▶ What you will do:
Nothing but the lines below from the one with "Save 20% on" through the one with "Text shapes" should be output, each exactly as given, and no pictures.
[[ Supplied data open ]]
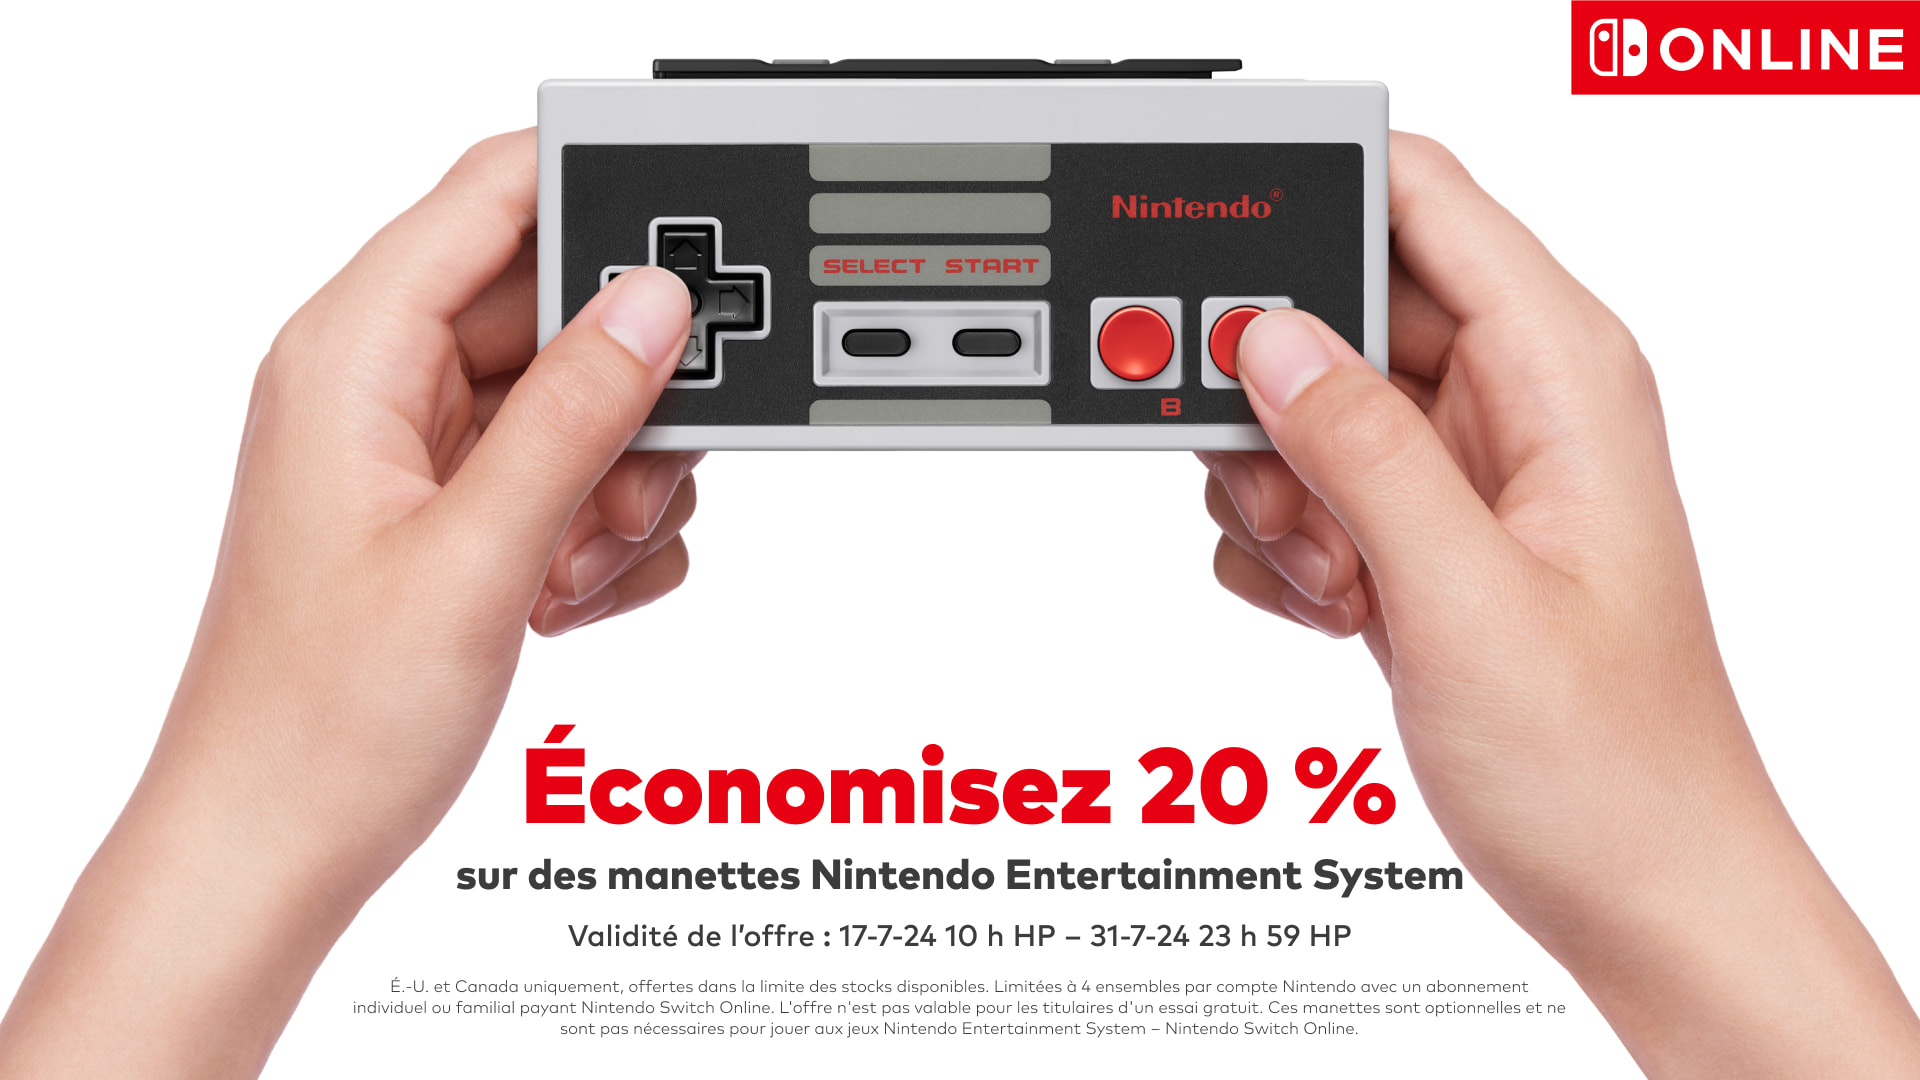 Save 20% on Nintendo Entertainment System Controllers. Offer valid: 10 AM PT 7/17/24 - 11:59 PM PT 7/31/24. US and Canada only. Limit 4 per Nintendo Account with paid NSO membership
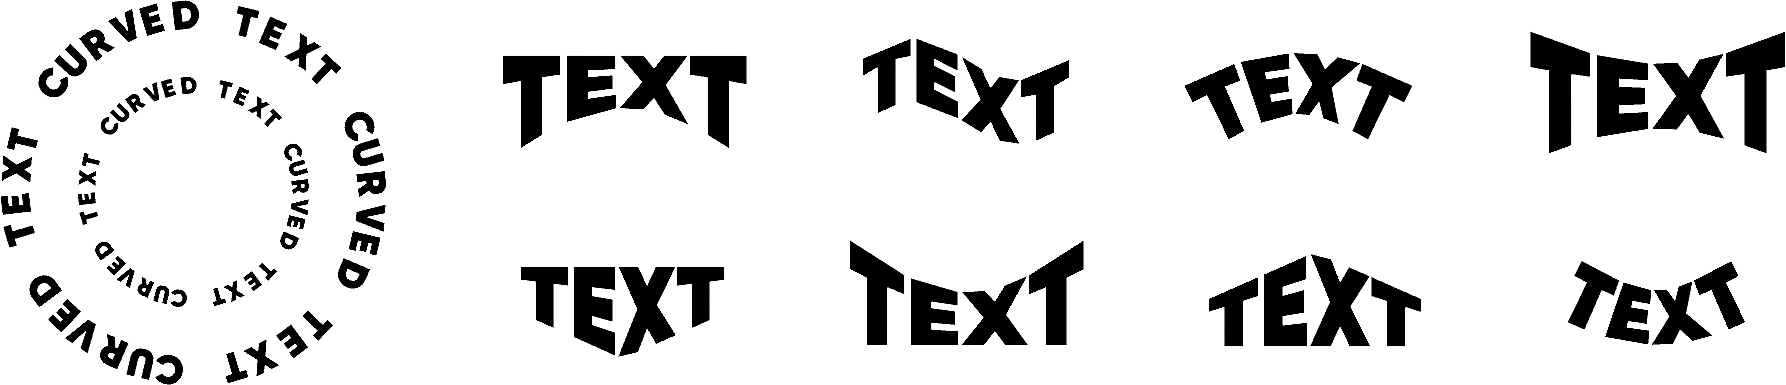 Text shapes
[[ Supplied data closed ]]
[[ Supplied data open ]]
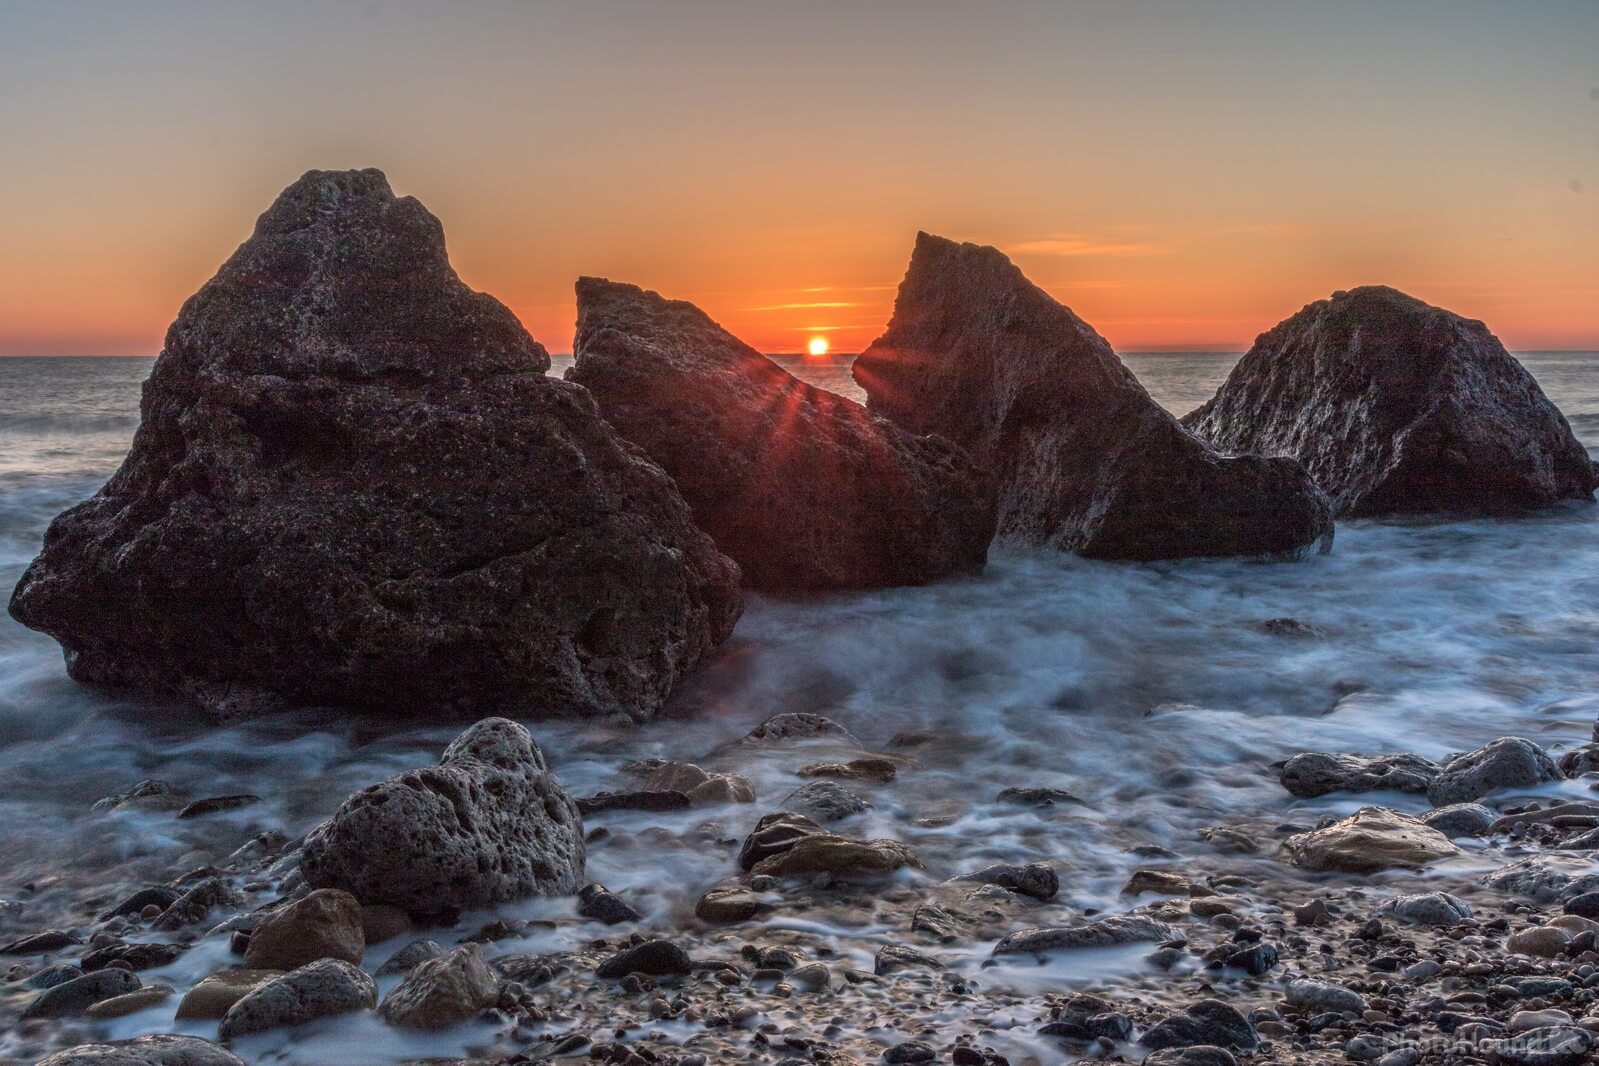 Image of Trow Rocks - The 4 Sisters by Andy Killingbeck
[[ Supplied data closed ]]
[[ Supplied data open ]]
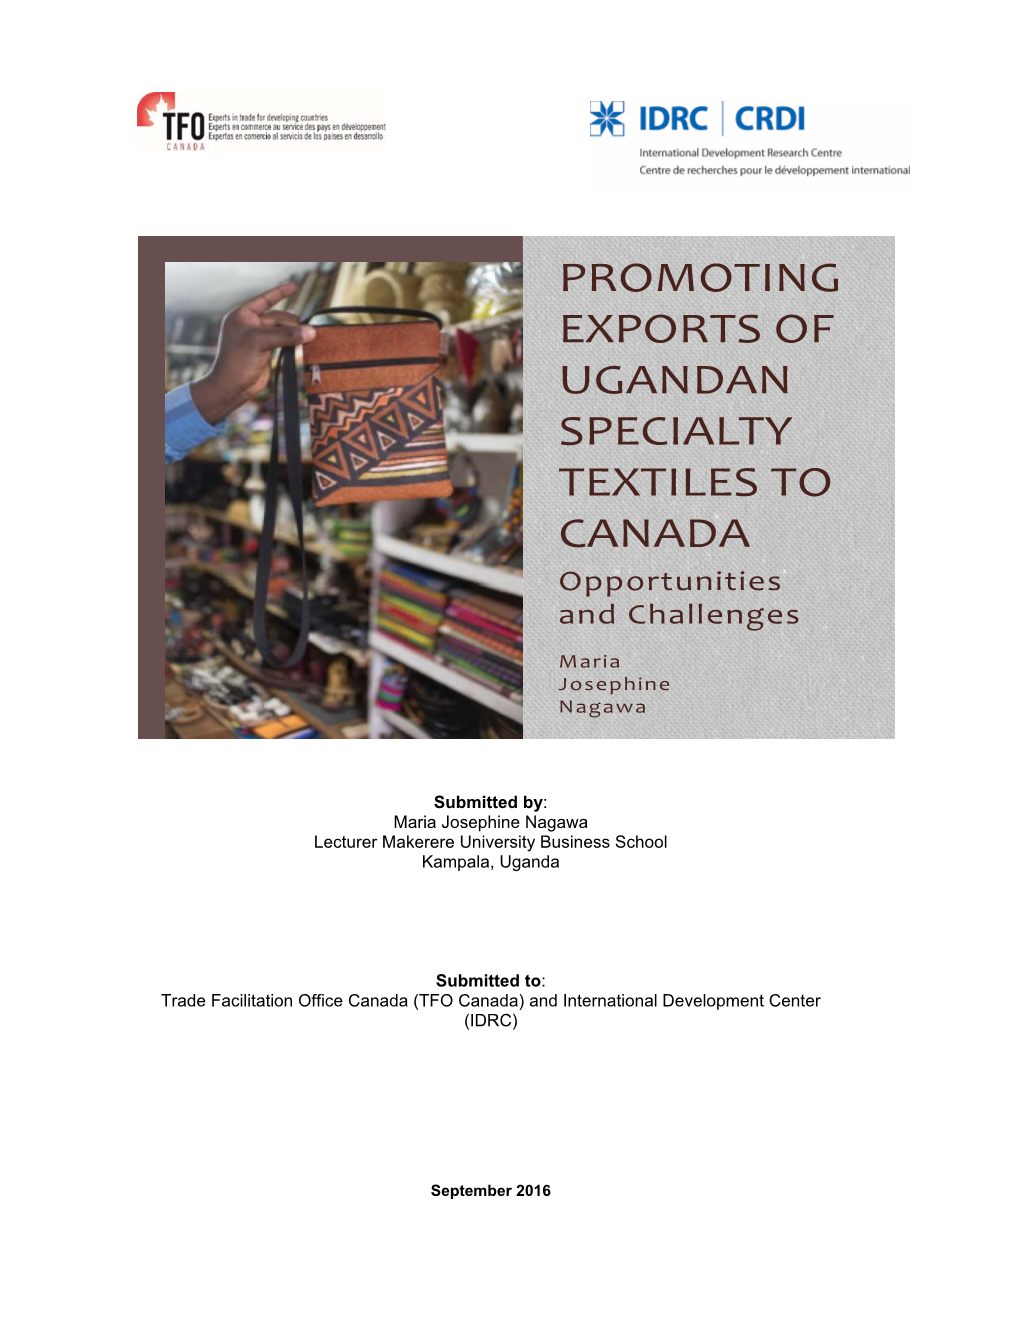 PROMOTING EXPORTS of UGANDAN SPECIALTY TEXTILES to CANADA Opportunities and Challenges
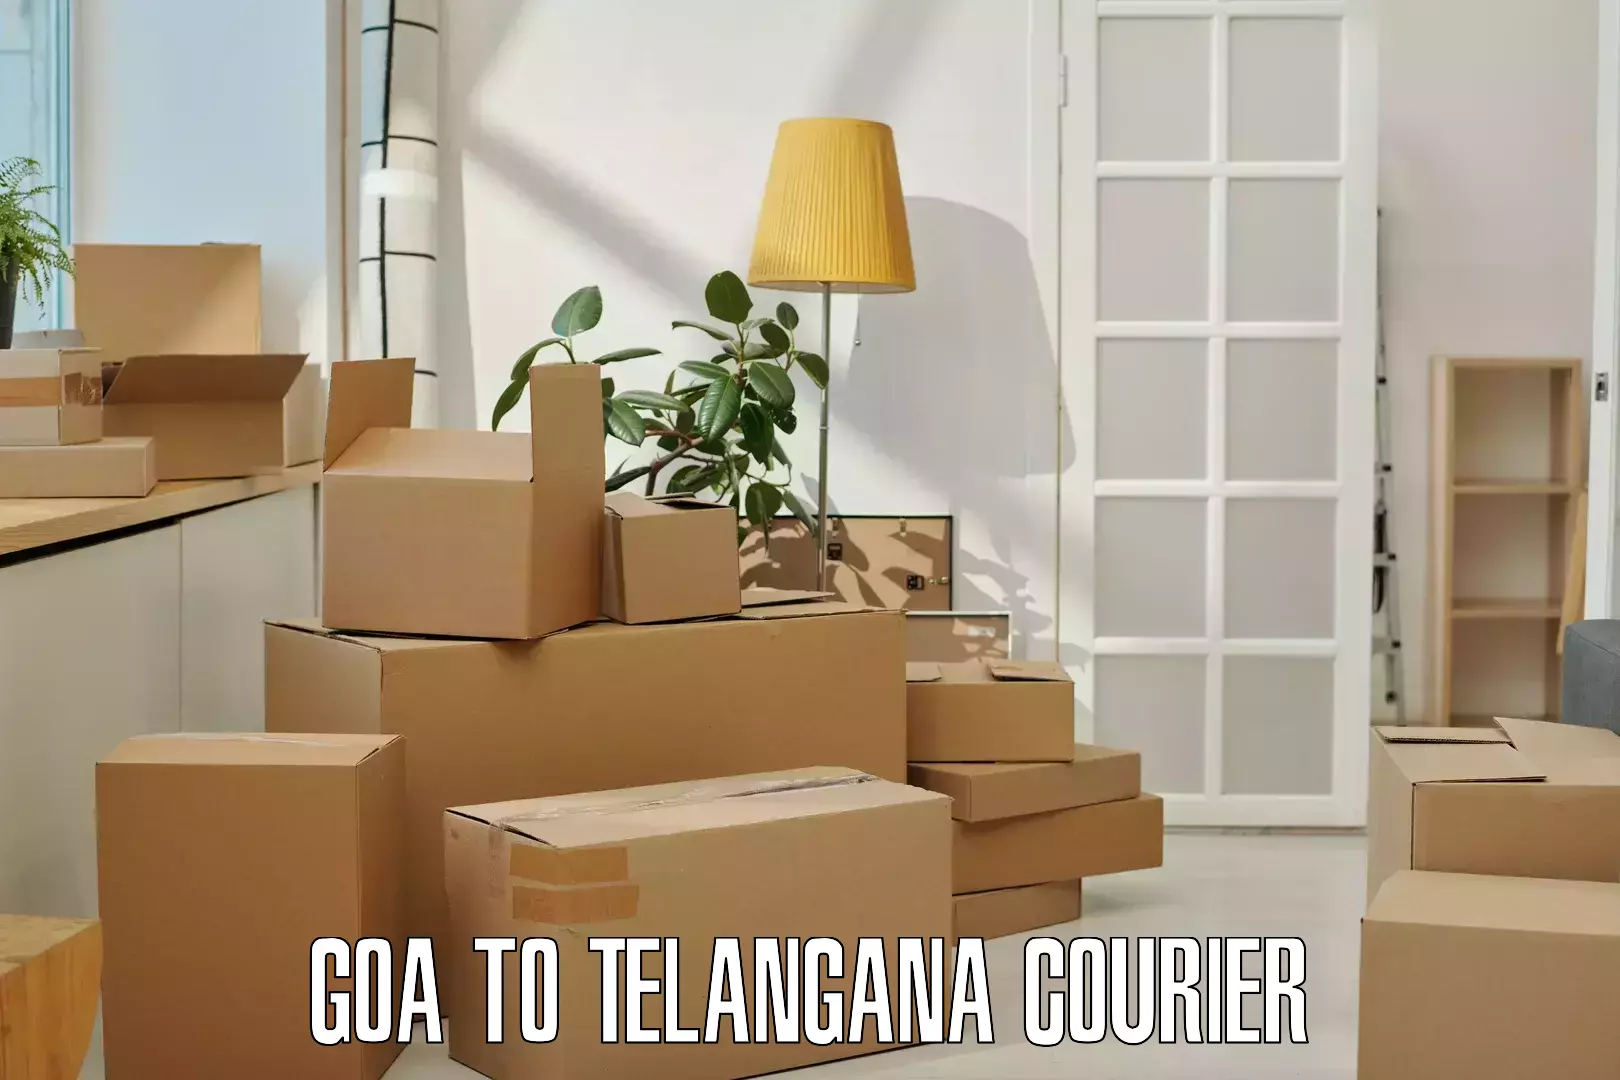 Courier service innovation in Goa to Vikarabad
[[ Supplied data closed ]]
▶ Task answer:
 Save 20% on Nintendo Entertainment System Controllers. Offer valid: 10 AM PT 7/17/24 - 11:59 PM PT 7/31/24. US and Canada only. Limit 4 per Nintendo Account with paid NSO membership
 Text shapes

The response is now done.